В переулках на селе — грязь по колено. Люди ходят вдоль плетней, держась руками за колья. И если ухватится за кол какой-нибудь дядя из «Заготскота», то и останется он у него в руках, ибо дяди из «Заготскота» все почему-то как налитые, с лицами красного шершавого сукна. Хозяева огородов лаются на чем свет стоит:
— Тебе, паразит, жалко сапоги замарать, а я должен каждую весну плетень починять?!
— Взял бы да накидал камней, если плетень жалко.
— А у тебя что, руки отсохли?

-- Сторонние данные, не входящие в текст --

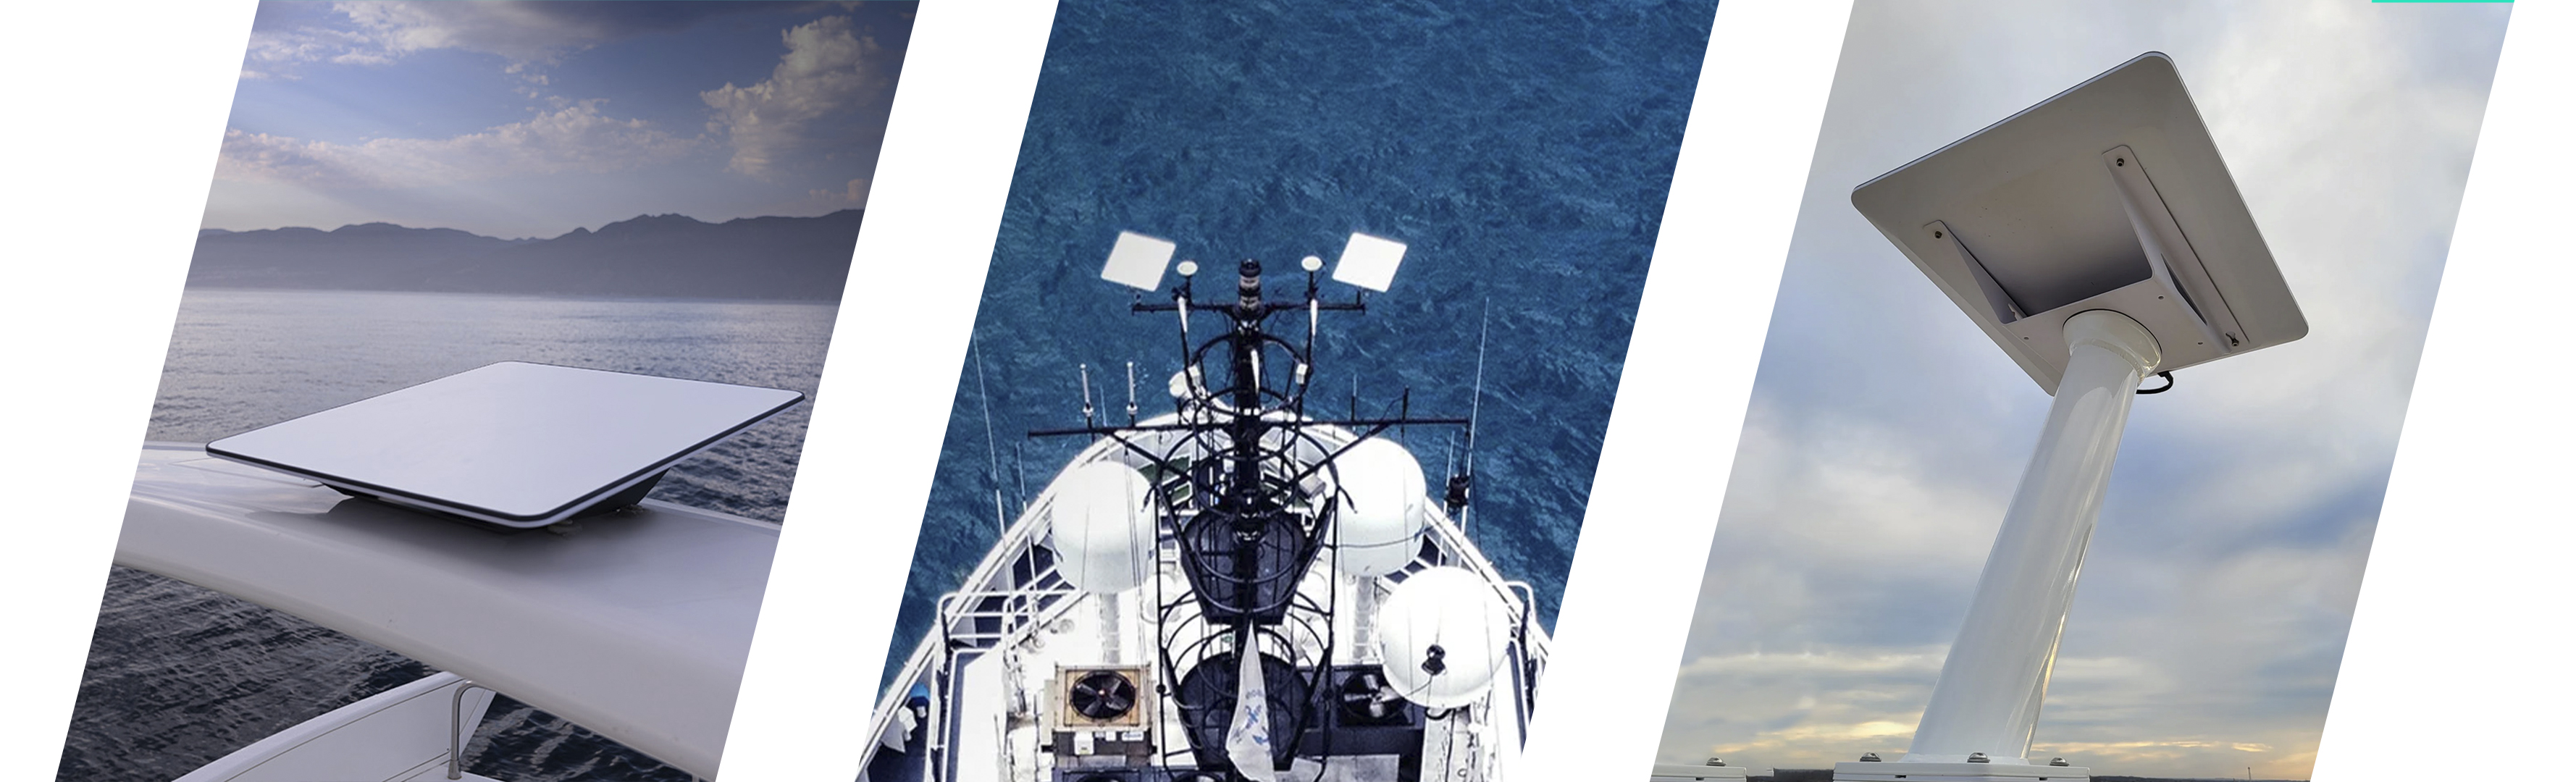 Морской спутниковый модем Starlink Internet Satellite 2gen Maritime для дрона. Купить морской старлинк для дрона под заказ на Marketnet

Возьми да накидай…
— А тогда не лайся, если такой умный.
А ночами в полях с тоскливым вздохом оседают подопревшие серые снега. А в тополях, у речки, что-то звонко лопается с тихим ликующим звуком: пи-у. Лед прошел на реке. Но еще отдельные льдины, блестя на солнце, скребут скользкими животами каменистую дресву; а на изгибах речных льдины вылезают синими мордами на берег, разгребают гальку, разворачиваются и плывут дальше — умирать. Шалый сырой ветерок кружится и кружит голову… Остро пахнет навозом. Вечерами, перед сном грядущим, люди добреют.
Во дворах на таганках потеют семейные чугуны с похлебкой. Пляшут веселые огоньки, потрескивает волглый хворост. Задумчиво в теплом воздухе… Прожит день. Вполсилы ведутся неторопливые, необязательные разговоры — завтра будет еще день, и опять будут разные дела. А пока можно отдохнуть, покурить, поворчать на судьбу, задуматься бог знает о чем: что, может, жизнь — судьба эта самая — могла бы быть какой-нибудь иной, малость лучше?.. А в общем-то и так ничего — сойдет.

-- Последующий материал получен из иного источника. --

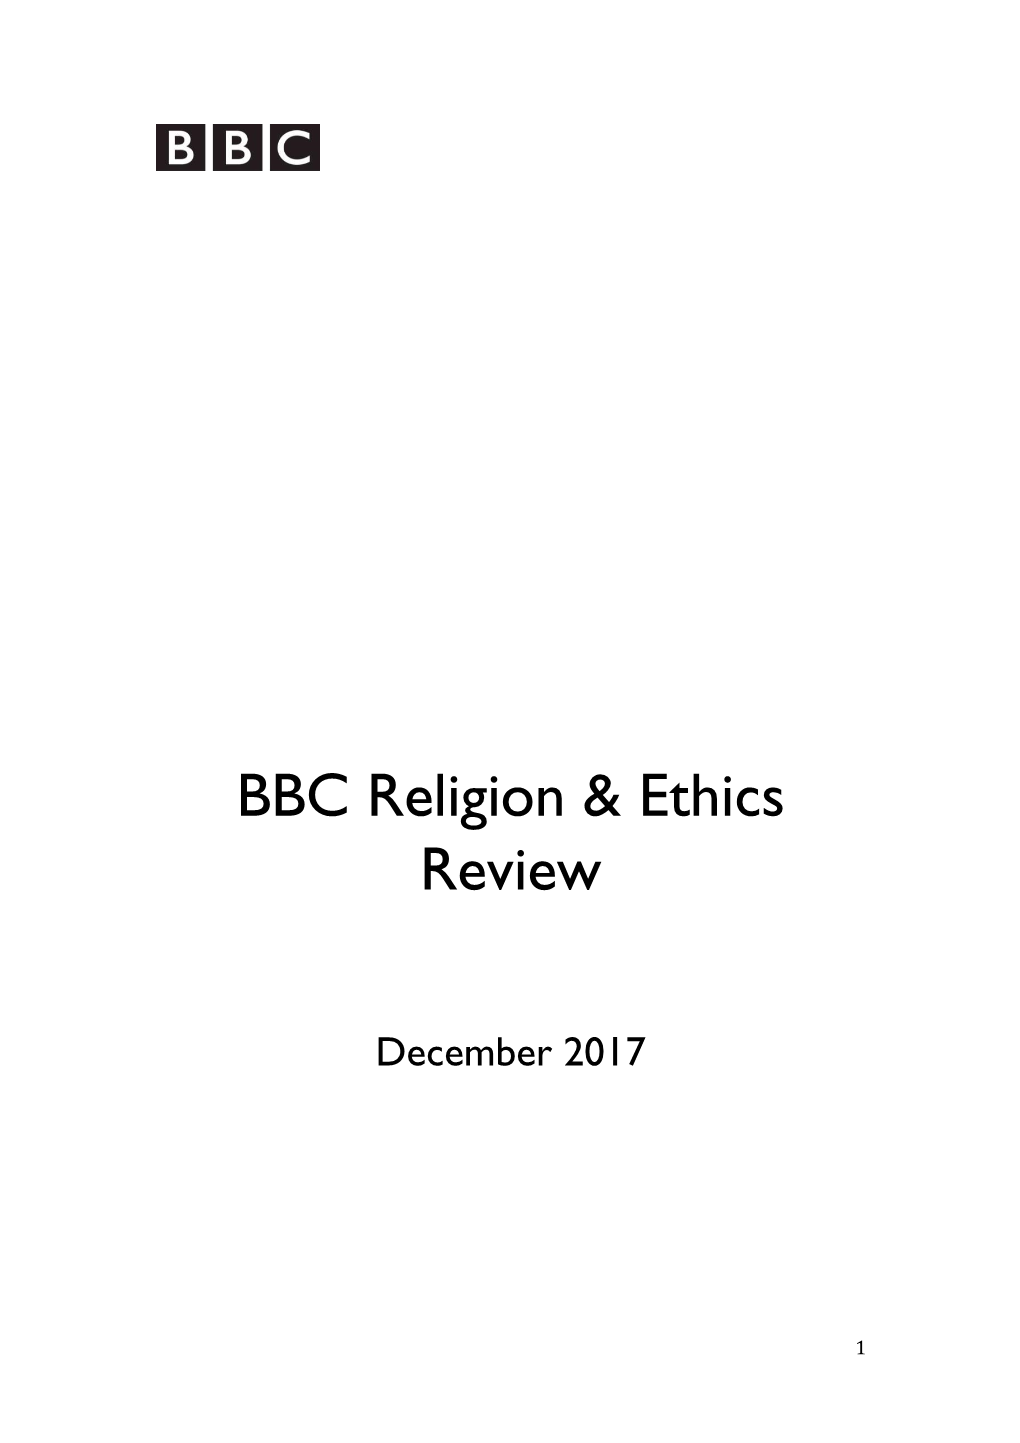 BBC Religion & Ethics Review

В такой-то задумчивый, хороший вечер, минуя большак, пришел к родному селу Степан Воеводин.
Пришел с той стороны, где меньше дворов, сел на косогор, нагретый за день солнышком, вздохнул, И стал смотреть на деревню. Он, видно, много отшагал за день и крепко устал.
Долго сидел так, смотрел.
Потом встал и пошел в деревню.
Ермолай Воеводин копался еще в своей завозне — тесал дышло для брички. В завозне пахло сосновой стружкой, махрой и остывающими тесовыми стенами. Свету в завозне было уже мало. Ермолай щурился и, попадая рубанком на сучки, по привычке ласково матерился.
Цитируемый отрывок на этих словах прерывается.